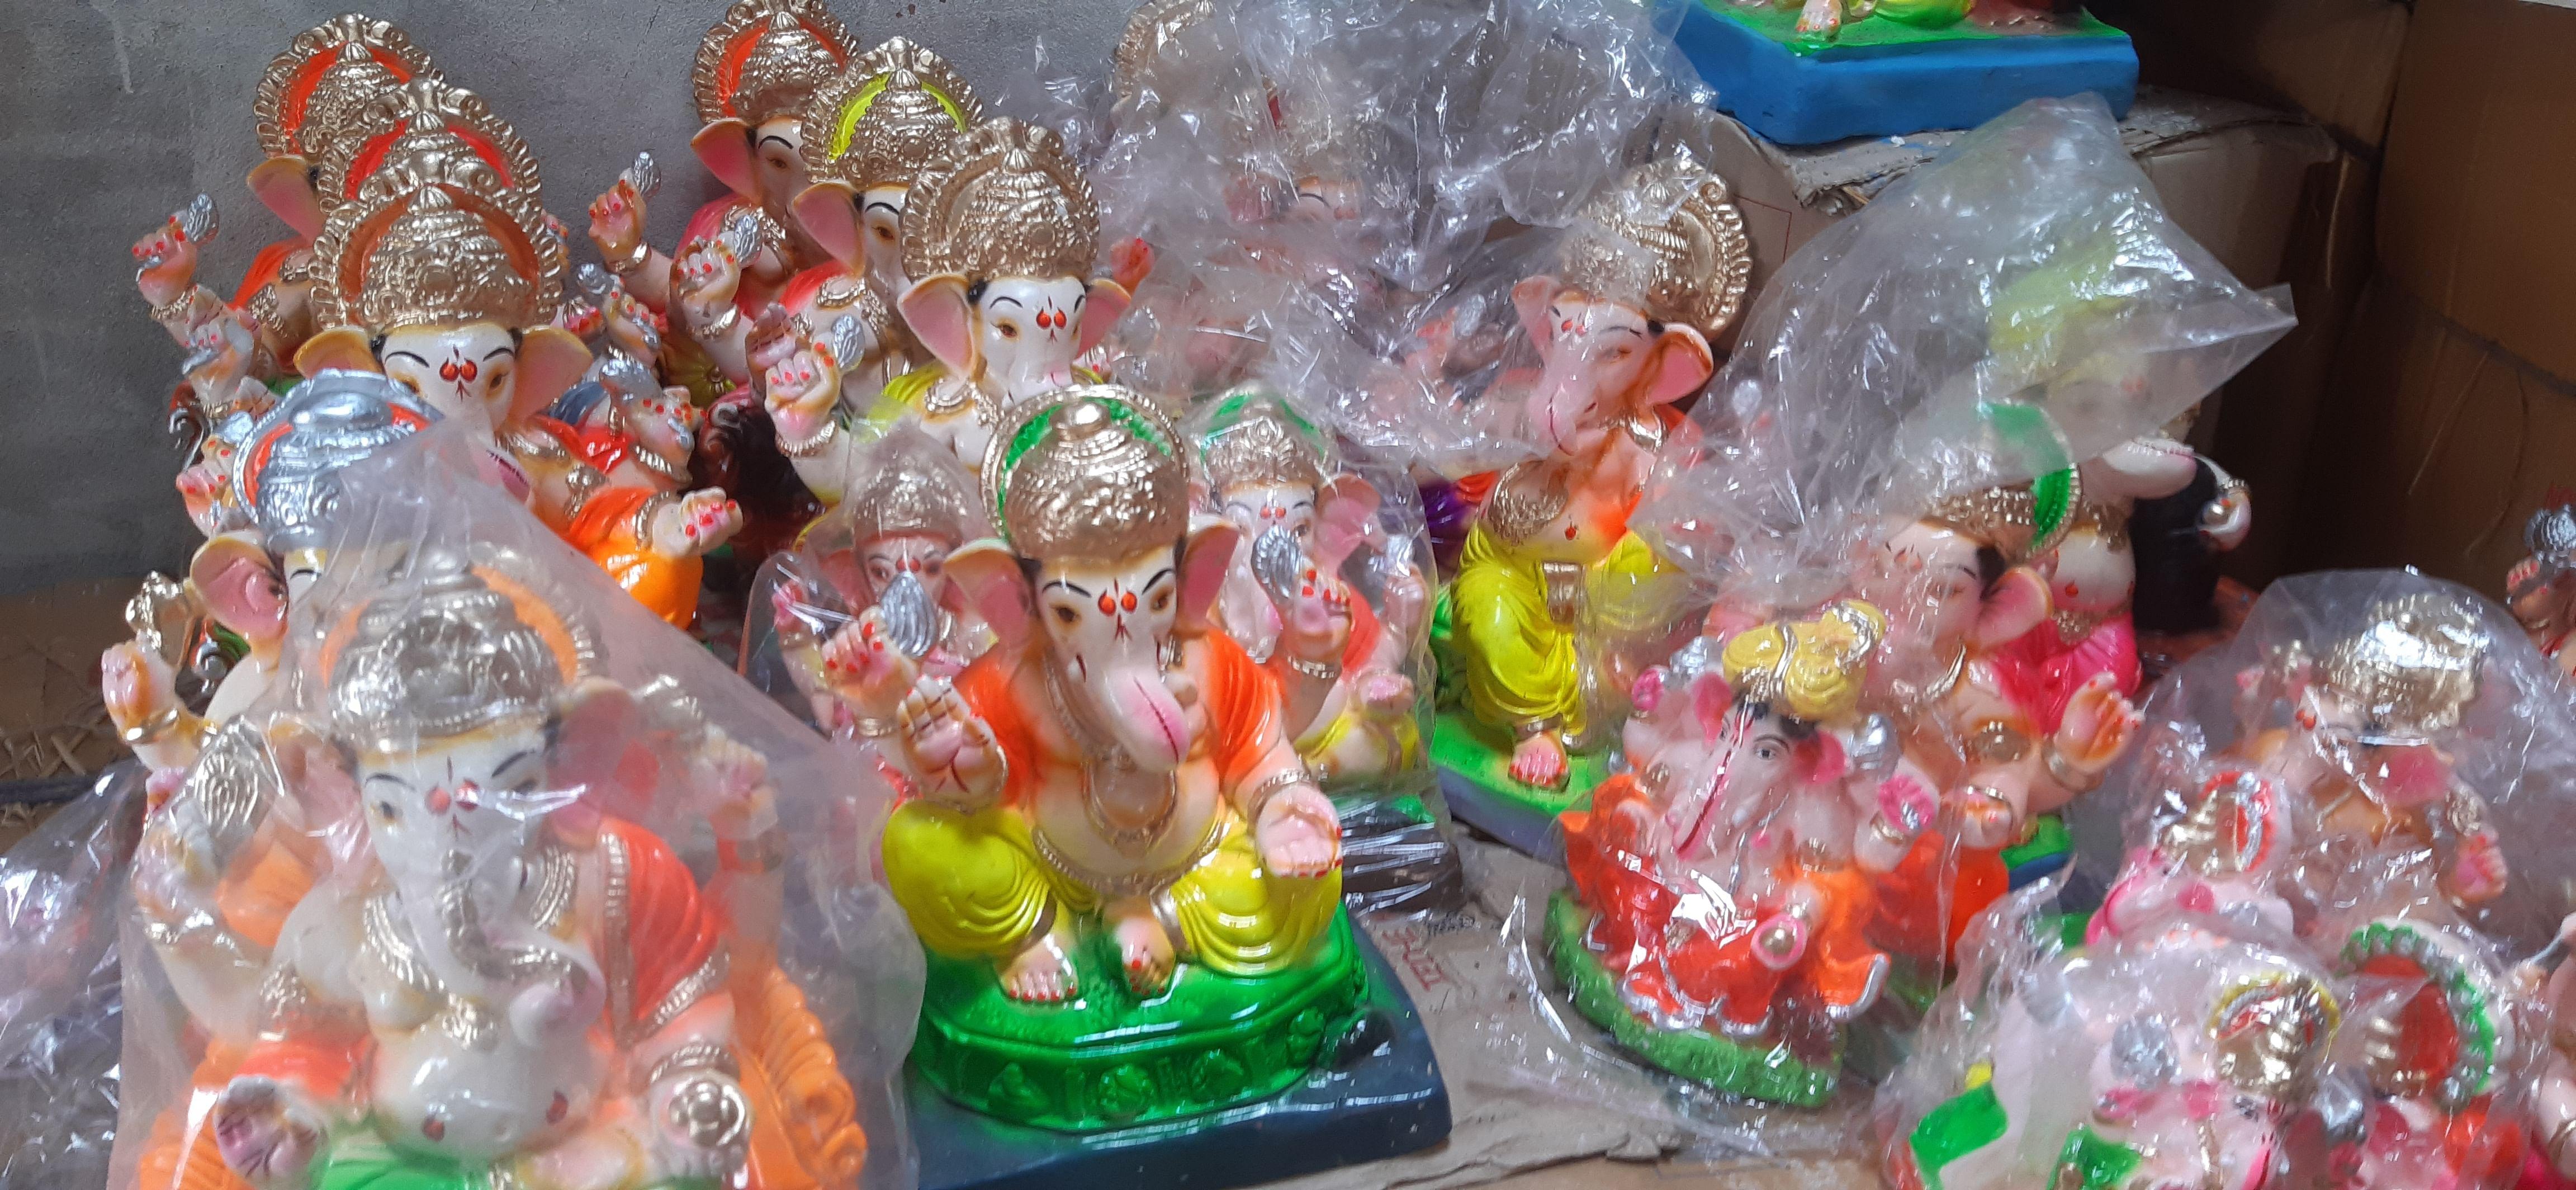 बाजार में दुकान पर रखी भगवान श्रीगणेश की मूर्तियां
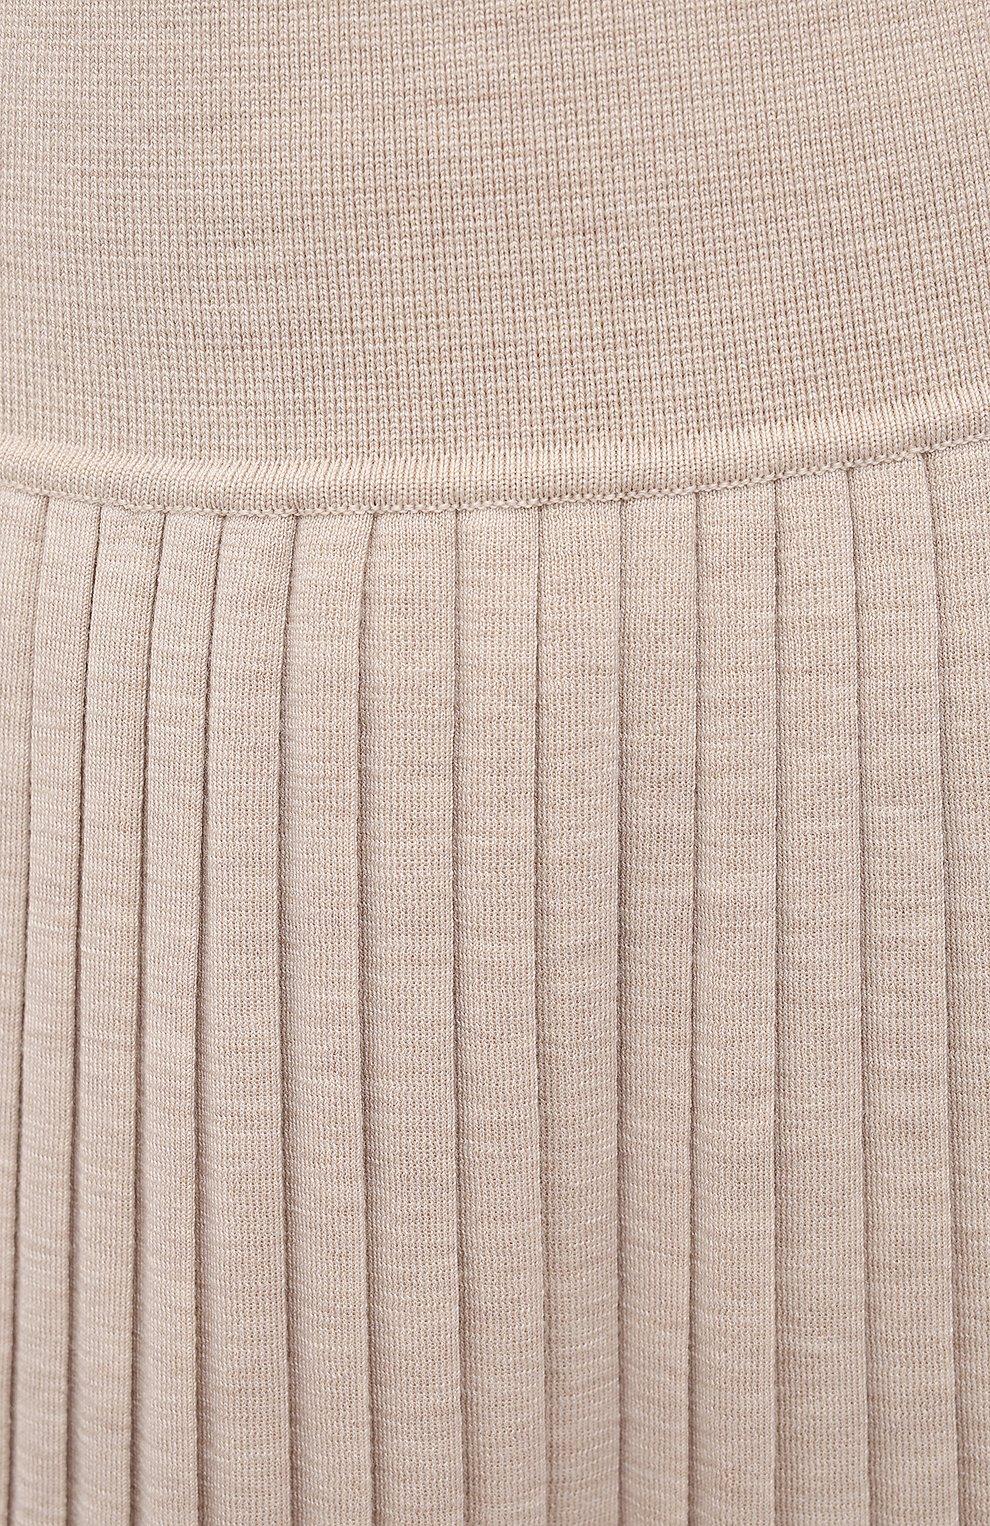 Женская юбка из шерсти и шелка THE ROW бежевого цвета, арт. 5678Y476 | Фото 5 (Материал внешний: Шерсть, Шелк; Женское Кросс-КТ: юбка-плиссе, Юбка-одежда; Кросс-КТ: Трикотаж; Длина Ж (юбки, платья, шорты): Макси; Стили: Кэжуэл)
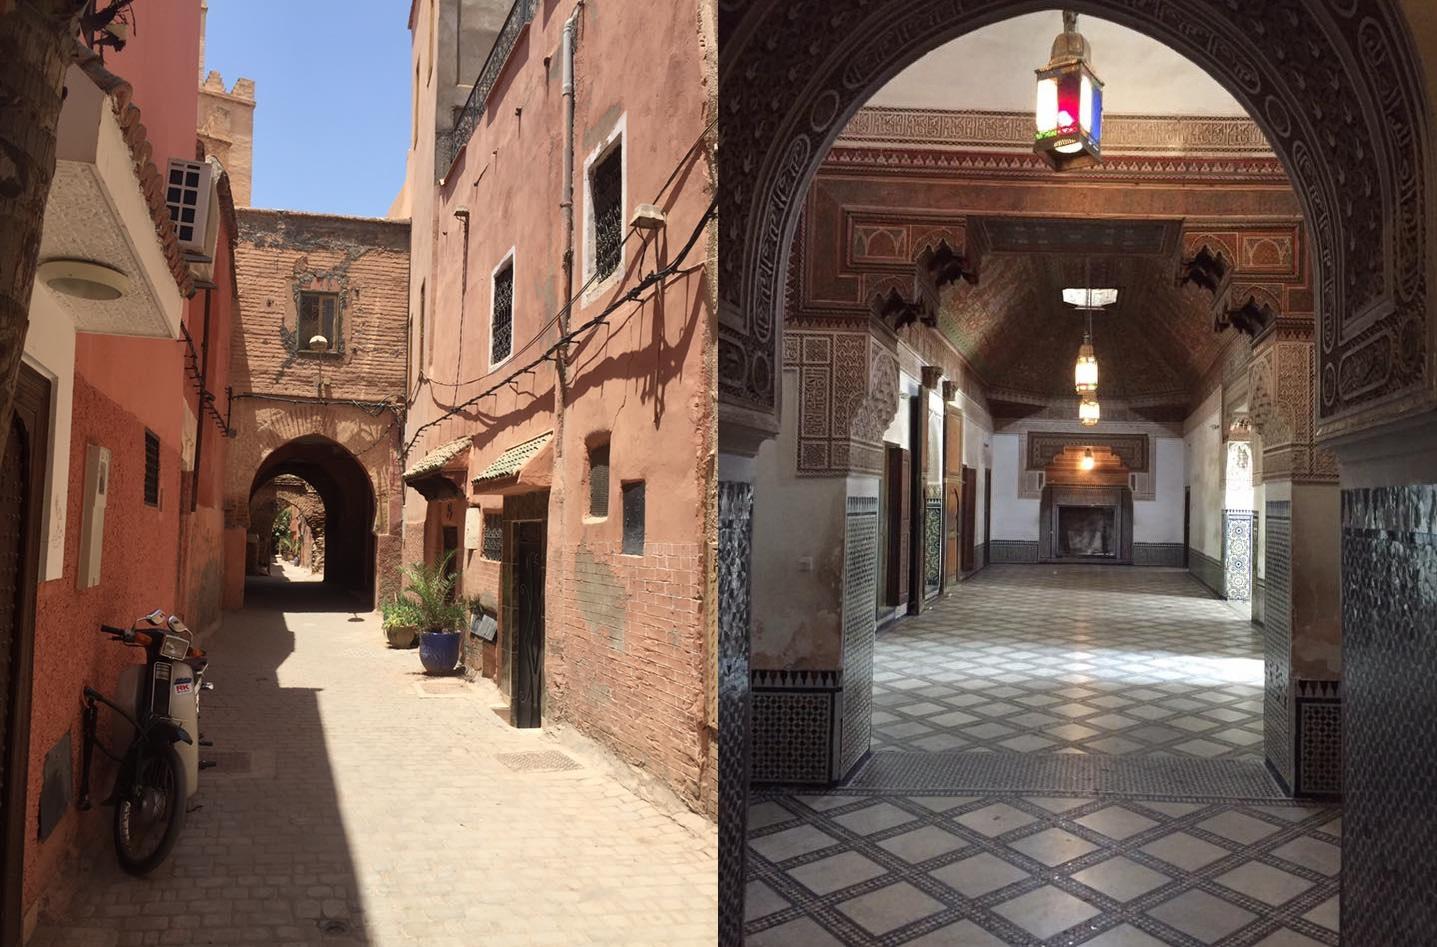 Mujer sola viajando por el mundo #2 Marrakech: mi experiencia y consejos

========================================================================

*Task statement*: Write out the data again word for word, minus any images.

*Response area*:
 बाजार में दुकान पर रखी भगवान श्रीगणेश की मूर्तियां
 Женская юбка из шерсти и шелка THE ROW бежевого цвета, арт. 5678Y476 | Фото 5 (Материал внешний: Шерсть, Шелк; Женское Кросс-КТ: юбка-плиссе, Юбка-одежда; Кросс-КТ: Трикотаж; Длина Ж (юбки, платья, шорты): Макси; Стили: Кэжуэл)
 Mujer sola viajando por el mundo #2 Marrakech: mi experiencia y consejos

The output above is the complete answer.